◆ **Task inputs**:
* * *
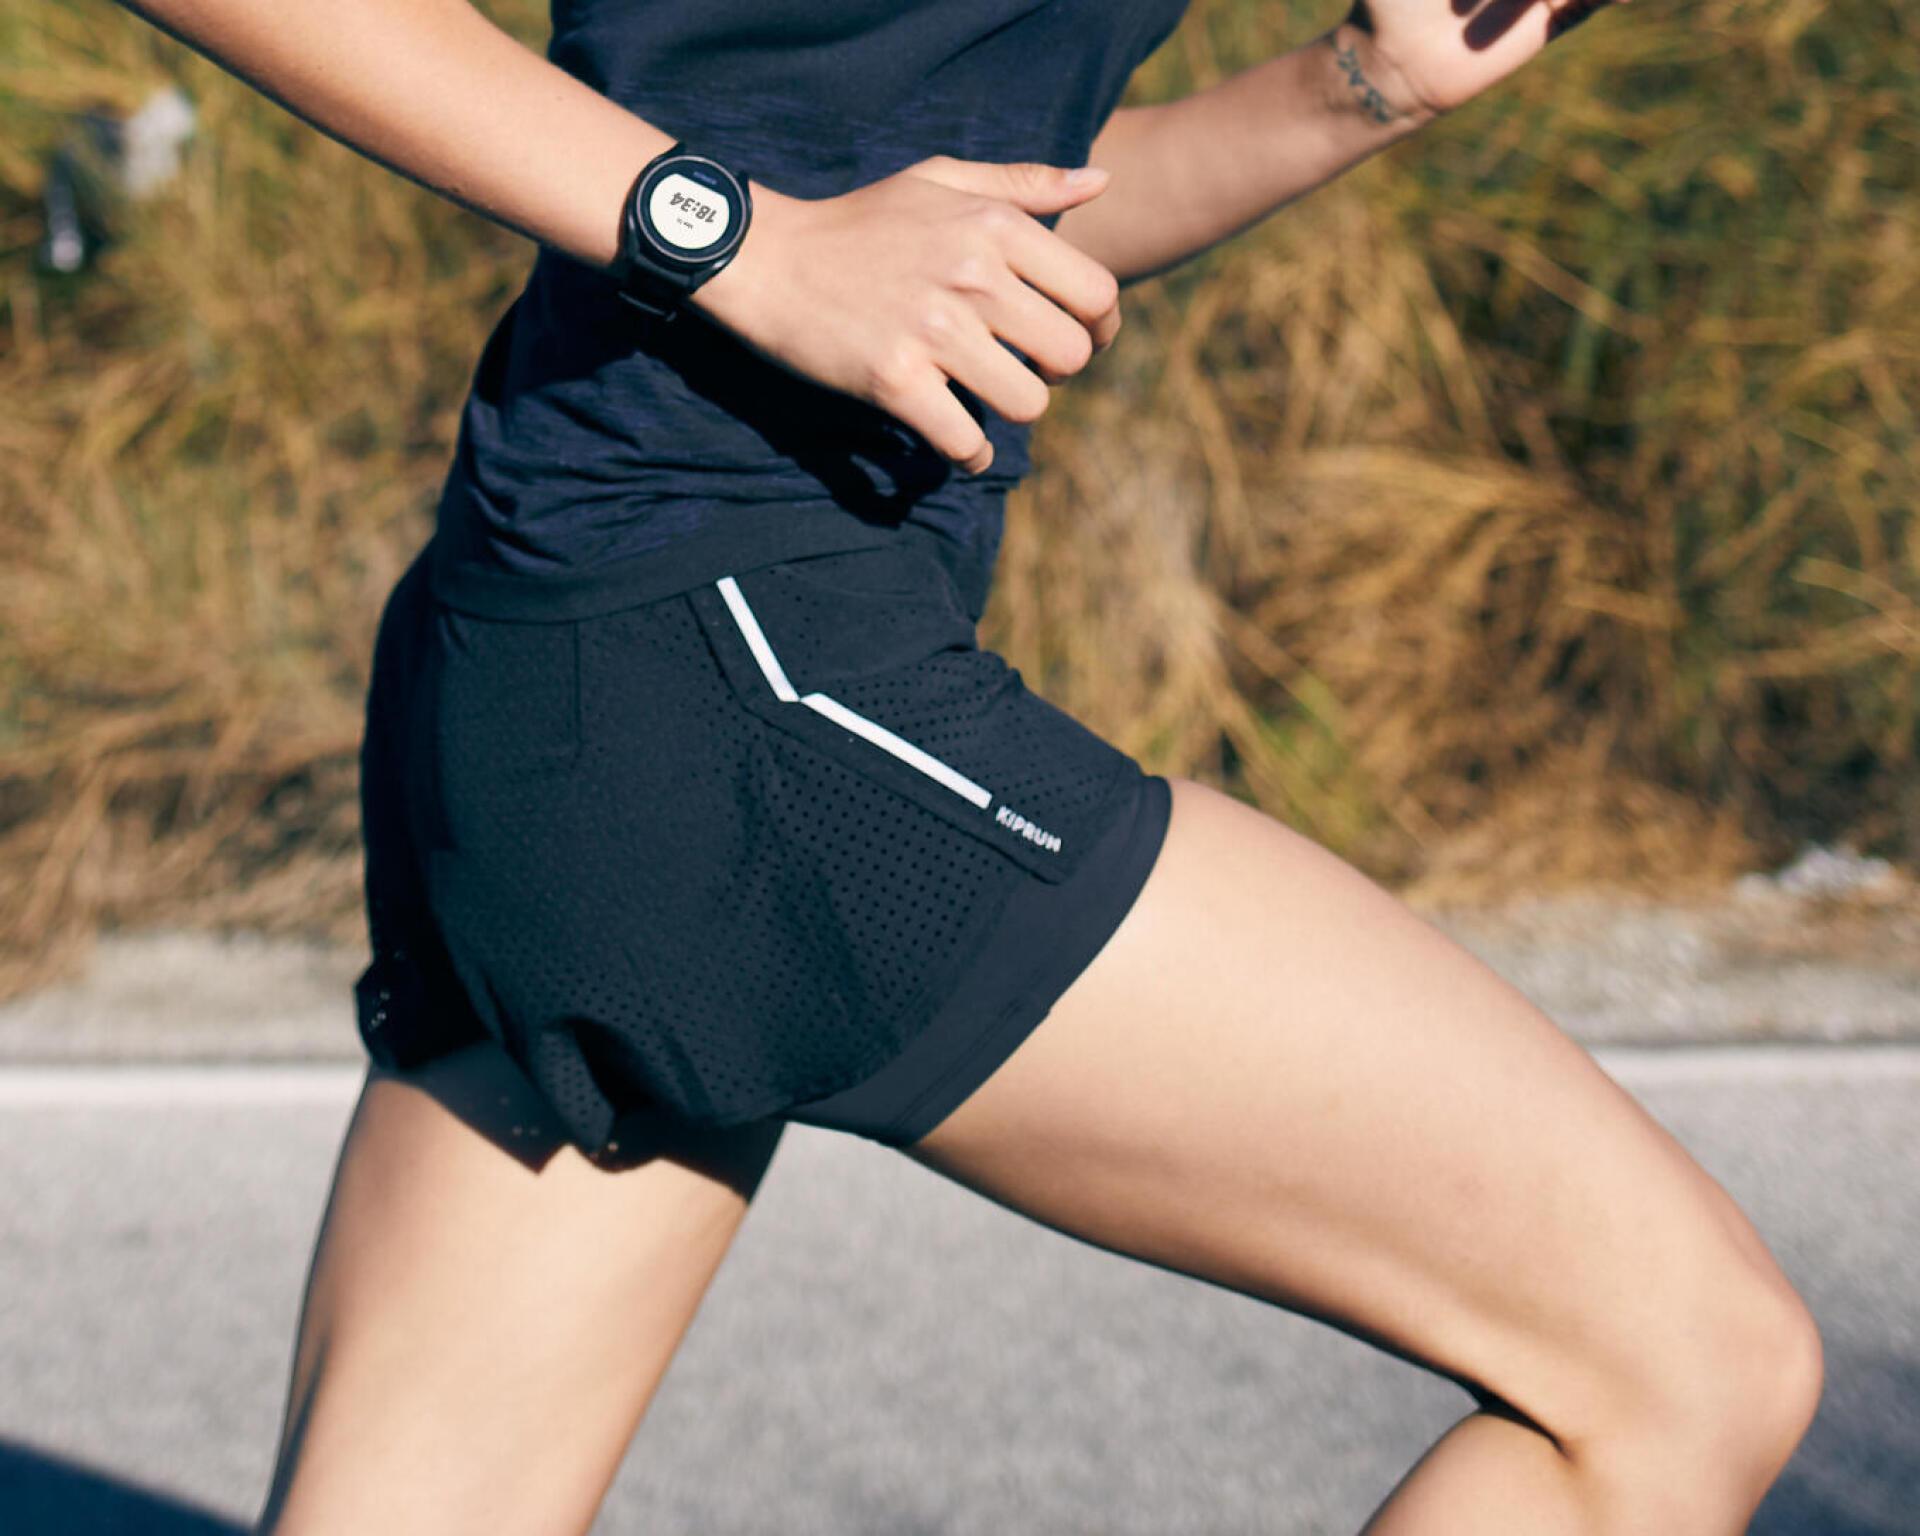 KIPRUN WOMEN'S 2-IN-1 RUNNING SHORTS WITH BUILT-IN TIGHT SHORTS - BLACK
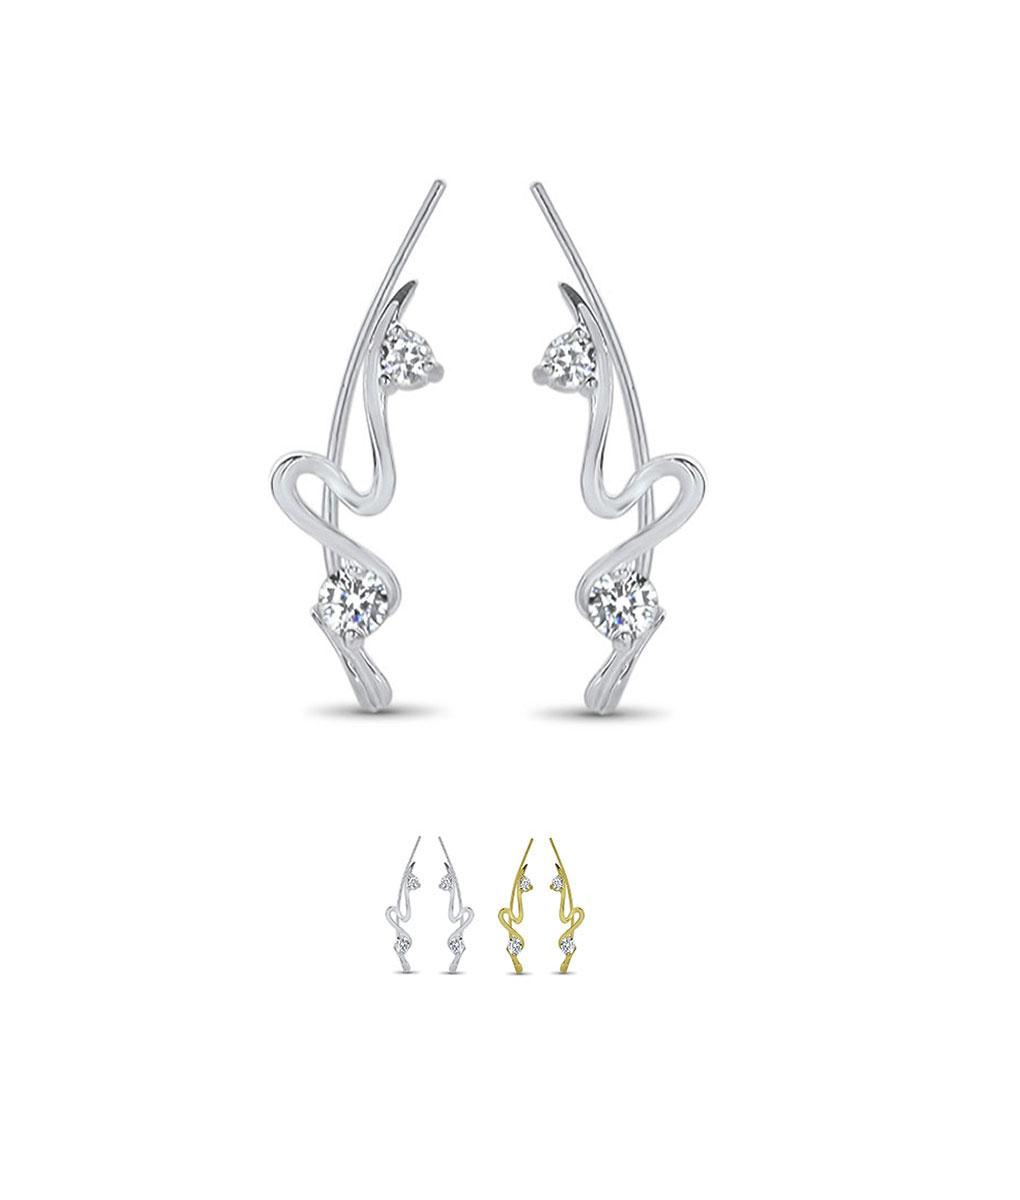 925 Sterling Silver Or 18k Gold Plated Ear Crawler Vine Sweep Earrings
* * *
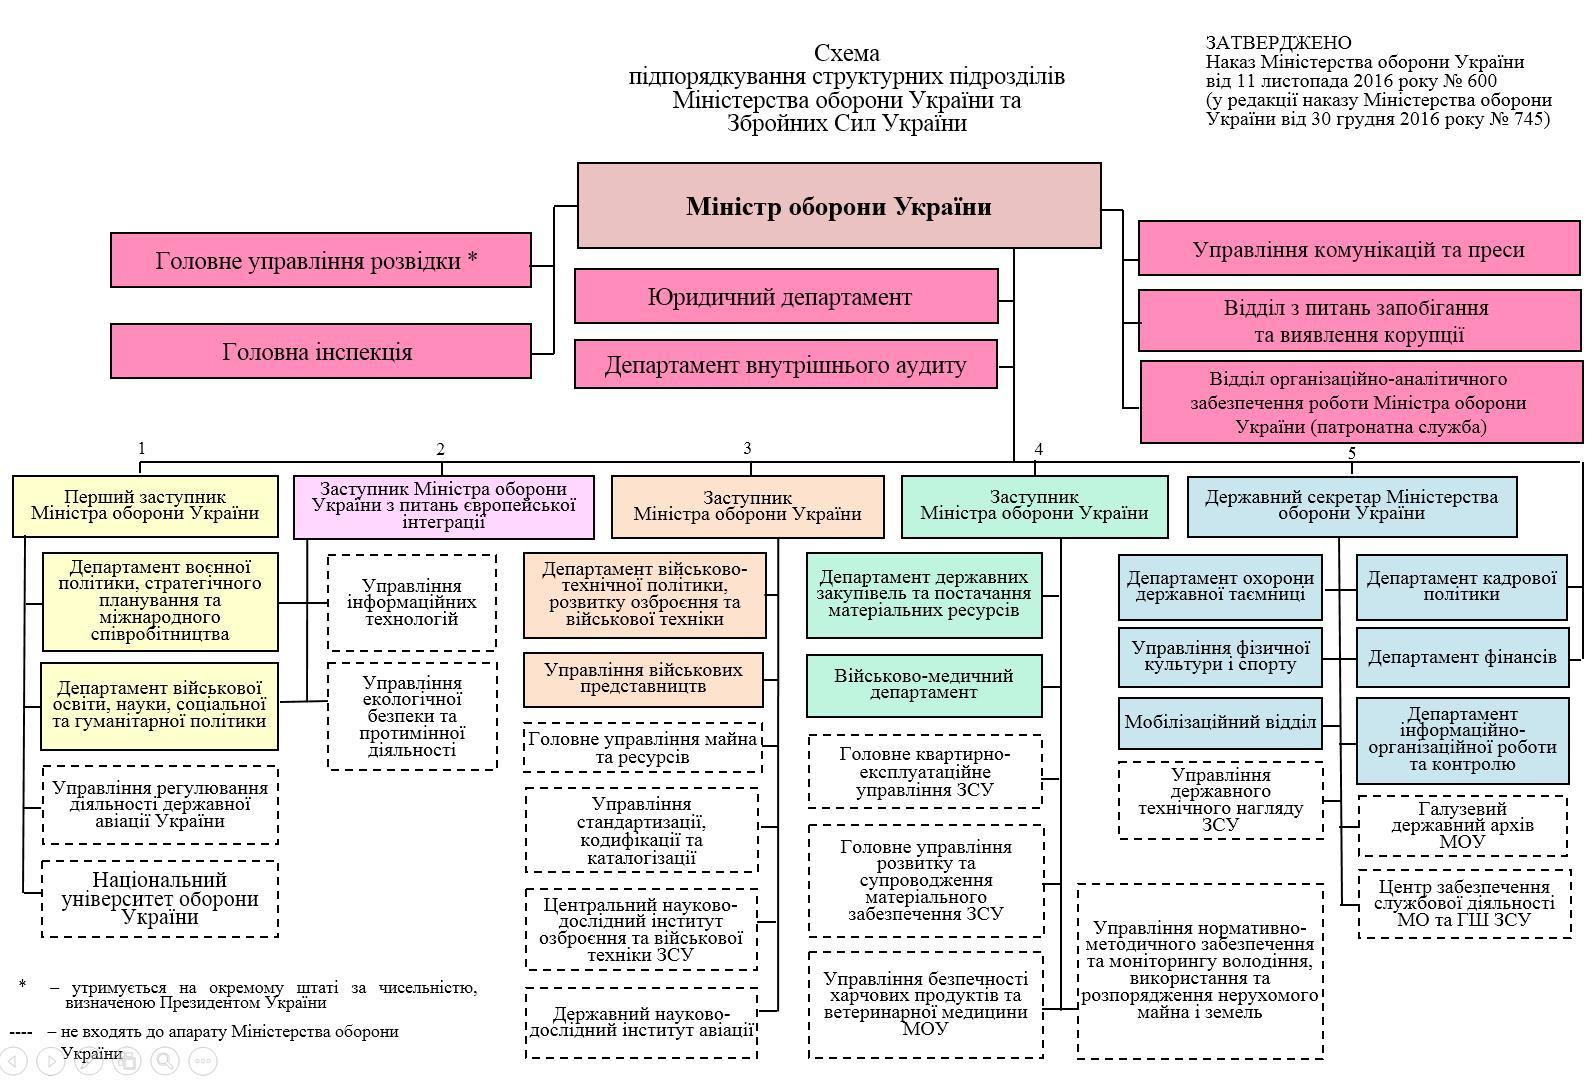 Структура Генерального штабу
* * *
◆ **Problem statement**: Retype the lines above exactly as they appear, from the line containing "KIPRUN WOMEN'S 2-IN-1" through the line containing "925 Sterling Silver", and leave out any pictures.

◆ **Response to the exercise**:
 KIPRUN WOMEN'S 2-IN-1 RUNNING SHORTS WITH BUILT-IN TIGHT SHORTS - BLACK
 925 Sterling Silver Or 18k Gold Plated Ear Crawler Vine Sweep Earrings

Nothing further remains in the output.